Island life has business challenges, but revenue in Victoria’s tech sector has doubled since 2000

Every week Techvibes republishes an article from Business in Vancouver.

This article was originally published in issue #1055 – Jan. 12 – 18, 2010.

Victoria’s leading technology industry association is taking stock of the sector in a bid to better promote its economic impact locally and abroad.

A report released in late November reveals that technology continues to be the city’s largest revenue generator, outpacing tourism, which traditionally held that title.

Technology first surpassed the city’s tourism sector in 2007, when an independent study found that technology-driven businesses annually generated $1.6 billion in revenue.

The latest report, which was commissioned by the Victoria Advanced Technology Council (Viatec) and prepared by a University of British Columbia PhD student, found that city’s technology sector continues to grow, generating 2008 revenue of $1.95 billion.

Revenue in Victoria’s technology sector has roughly doubled since 2000.

“That said, it still remains a highly hidden industry – and we’re trying to change that,” said Dan Gunn, Viatec’s executive director.

Tourism remains the city’s largest employer (40,000 employees). The technology sector employs 13,000.

Gunn said Victoria’s tech sector was more resilient than most during the recession because many of its companies’ focus on micro-niche markets, which range between $50 million and $100 million.

Because the markets are so small, many of Victoria’s technology companies are market leaders.

“So even during the recession, a lot of those [companies’] products remained in demand,” said Gunn. “They’re not like discretionary consumer items that can drop off rapidly and quickly.”

However, he noted that the downturn hit information and communication technology (ICT) businesses in Victoria particularly hard because many rely heavily on provincial government contracts.

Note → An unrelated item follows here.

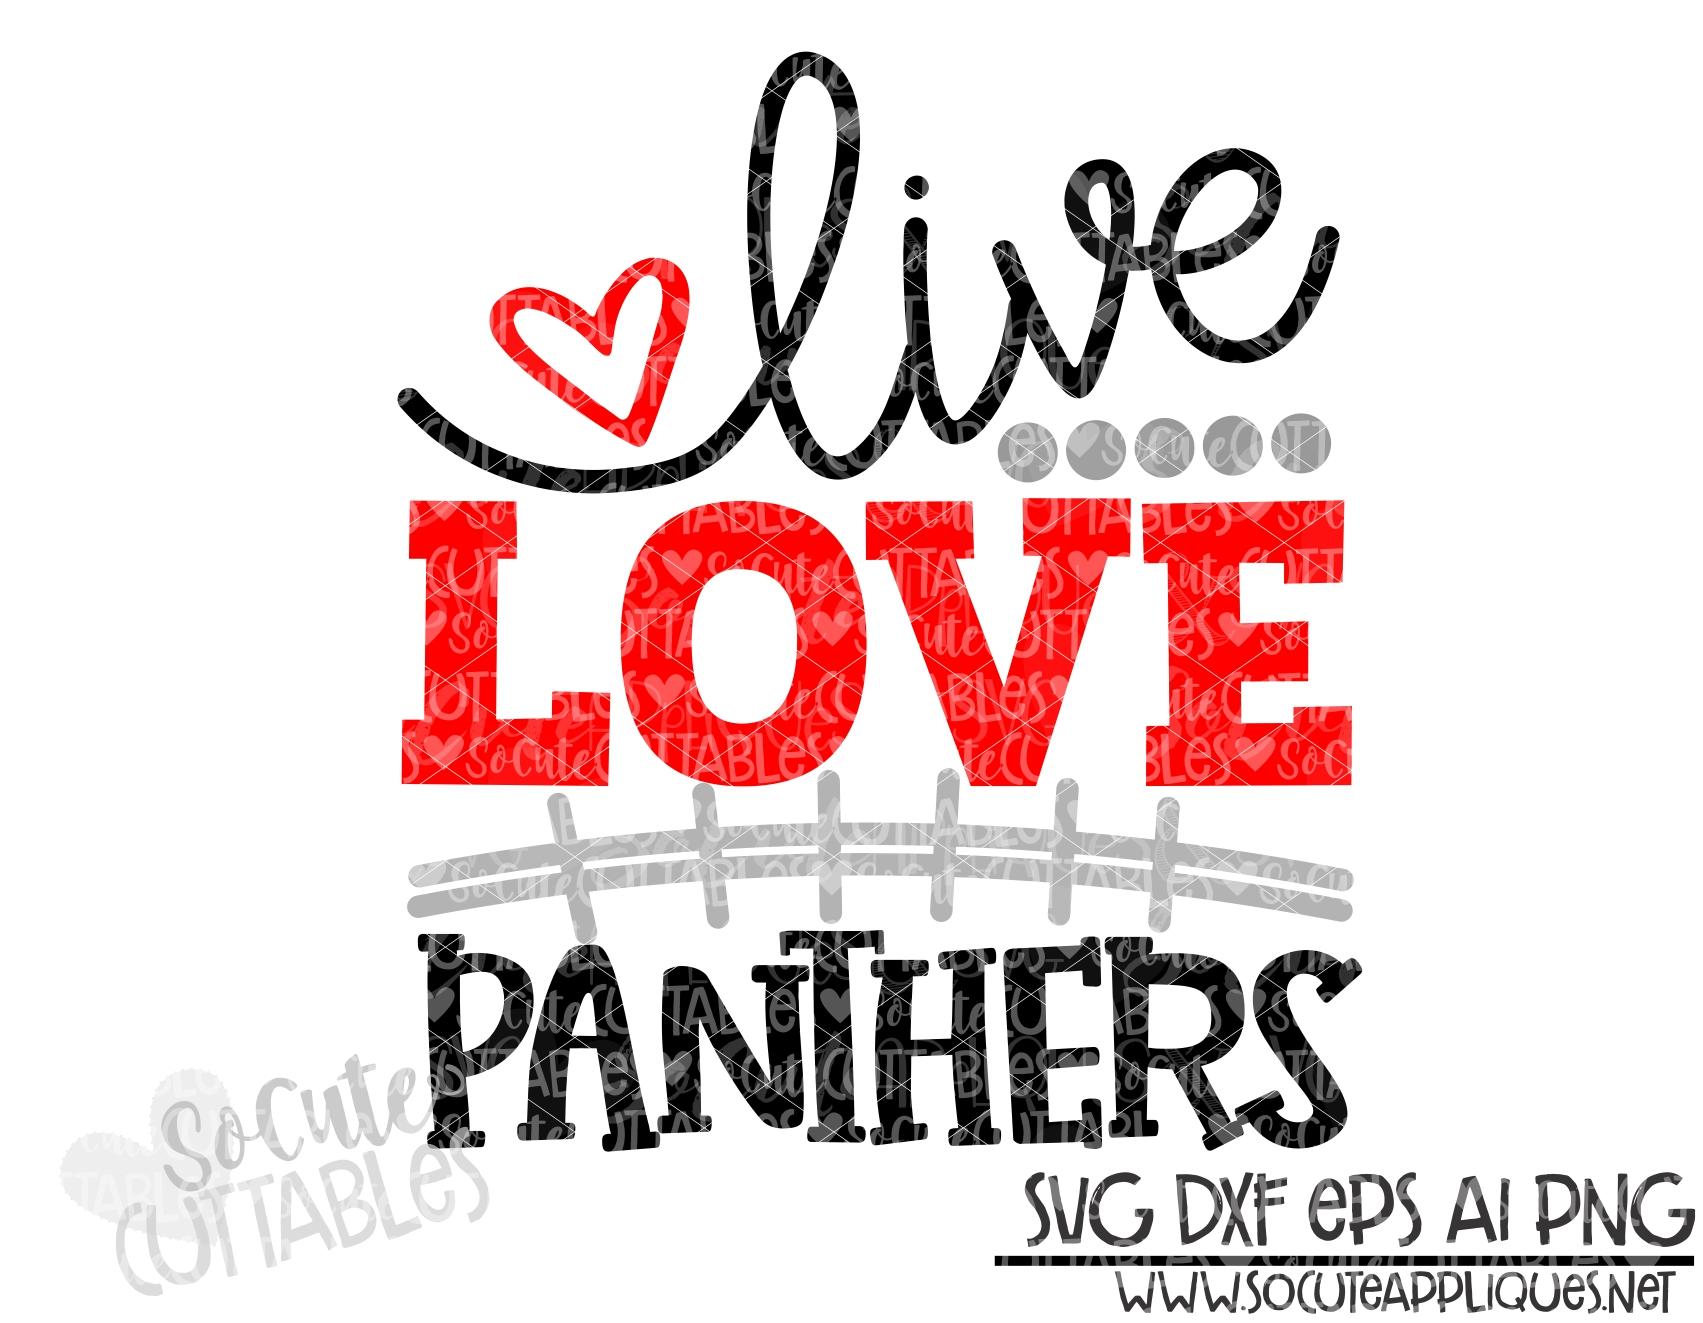 Download Live love Panthers football svg scc 19 - socuteappliques.net

The provincial government reduced spending across the board last year.

“So companies that had the provincial government as their primary or single customer were hit hardest,” said Gunn.

Viatec’s next steps are to conduct a compensation survey to help executives and human resource consultants gauge how wages in Victoria’s tech sector compare with those in other jurisdiction.

As well, Viatec plans to travel to cities such as Calgary and San Francisco to study how Victoria could attract more technology workers.

“Victoria’s tech sector two years ago was growing so fast that the No. 1 challenge was related to recruitment,” said Gunn.

“That wasn’t unique to our city, but we want to be better prepared for when that happens again.”

Manufacturing remains one of the Island’s weak performers. While Carmanah Technologies Corp. (TSX: CMH) and Schneider Electric Canada anchor the city’s technology sector, their manufacturing is done in other jurisdictions.

That’s mainly because of the logistical challenges the city faces being on an island, said Gunn.

“Manufacturing on the Island is probably not the best long-term move for a company that wants to grow significantly.”

However, being on an island also has its advantages.

NEPTUNE Canada, a major ocean observatory that’s attracting attention from the international scientific community, launched on the island in December.

As well, the Institute of Ocean Sciences located west of Sidney has spun off a number of successful companies, including ASL Environmental Sciences, Applied Microsystems Ltd. and AXYS Technologies Inc.  

Said Gunn: “All these companies grew from the fact that we’re surrounded by water and found a way to turn that into a commercial opportunity.”